- Dataset
____
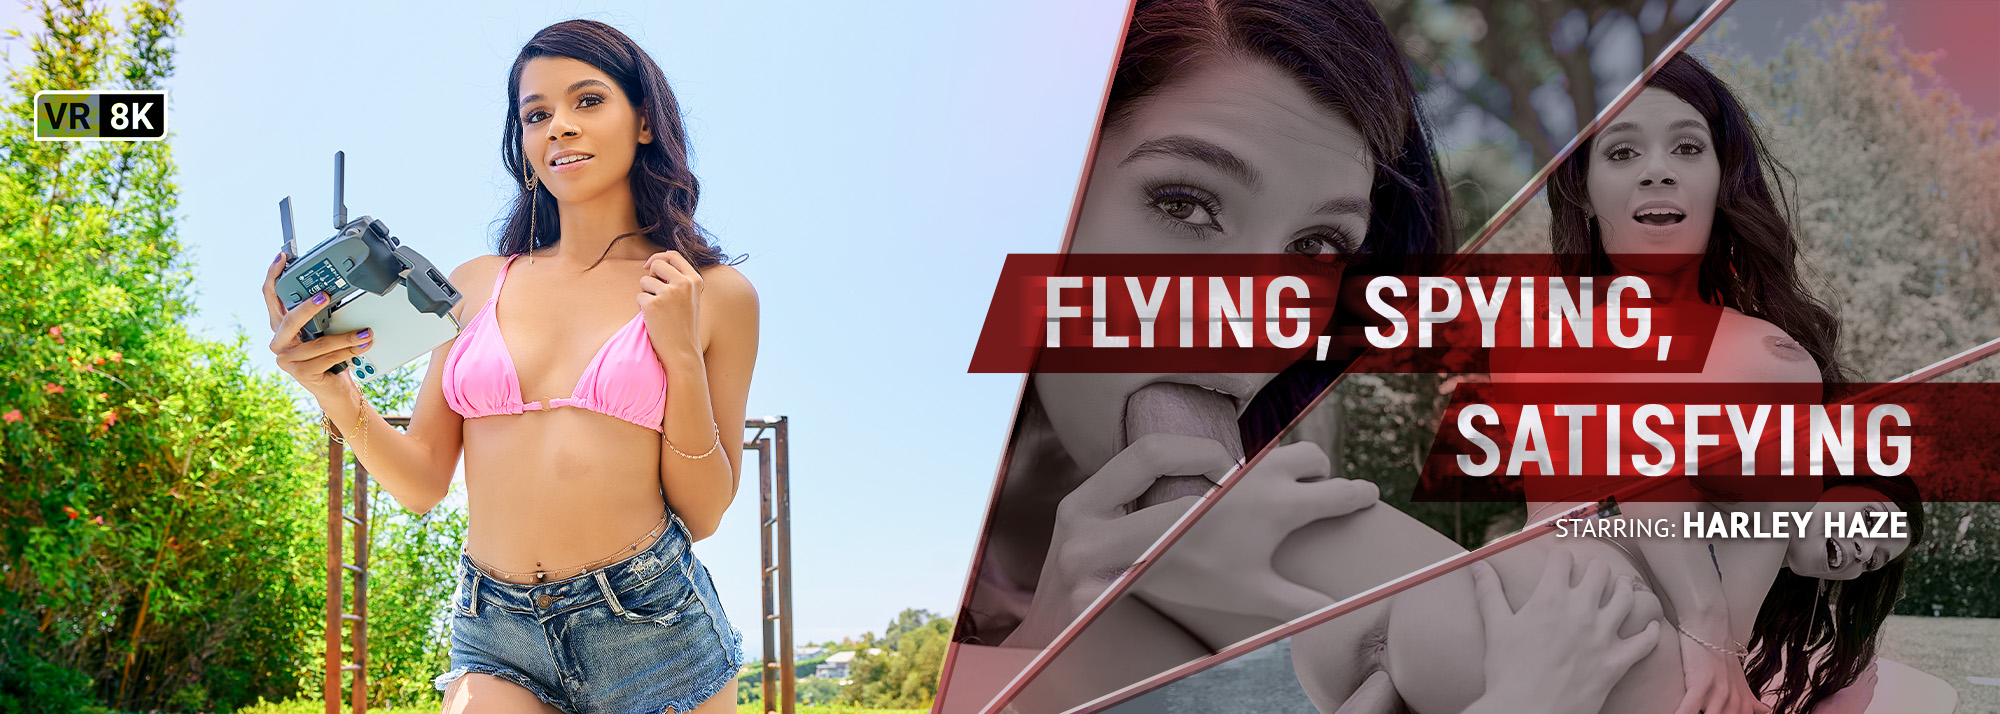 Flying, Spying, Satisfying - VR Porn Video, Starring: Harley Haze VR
____
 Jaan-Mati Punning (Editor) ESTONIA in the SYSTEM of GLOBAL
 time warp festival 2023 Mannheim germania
____
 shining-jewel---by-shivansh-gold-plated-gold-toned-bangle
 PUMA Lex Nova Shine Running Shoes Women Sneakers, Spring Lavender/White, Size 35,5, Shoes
____
- Task objective
One stretch of the lines above is wanted, from the line that contains "Jaan-Mati Punning (Editor)" through the line that contains "time warp festival 2023 Mannheim germania". Output it exactly.

- Solution to this task
 Jaan-Mati Punning (Editor) ESTONIA in the SYSTEM of GLOBAL
 time warp festival 2023 Mannheim germania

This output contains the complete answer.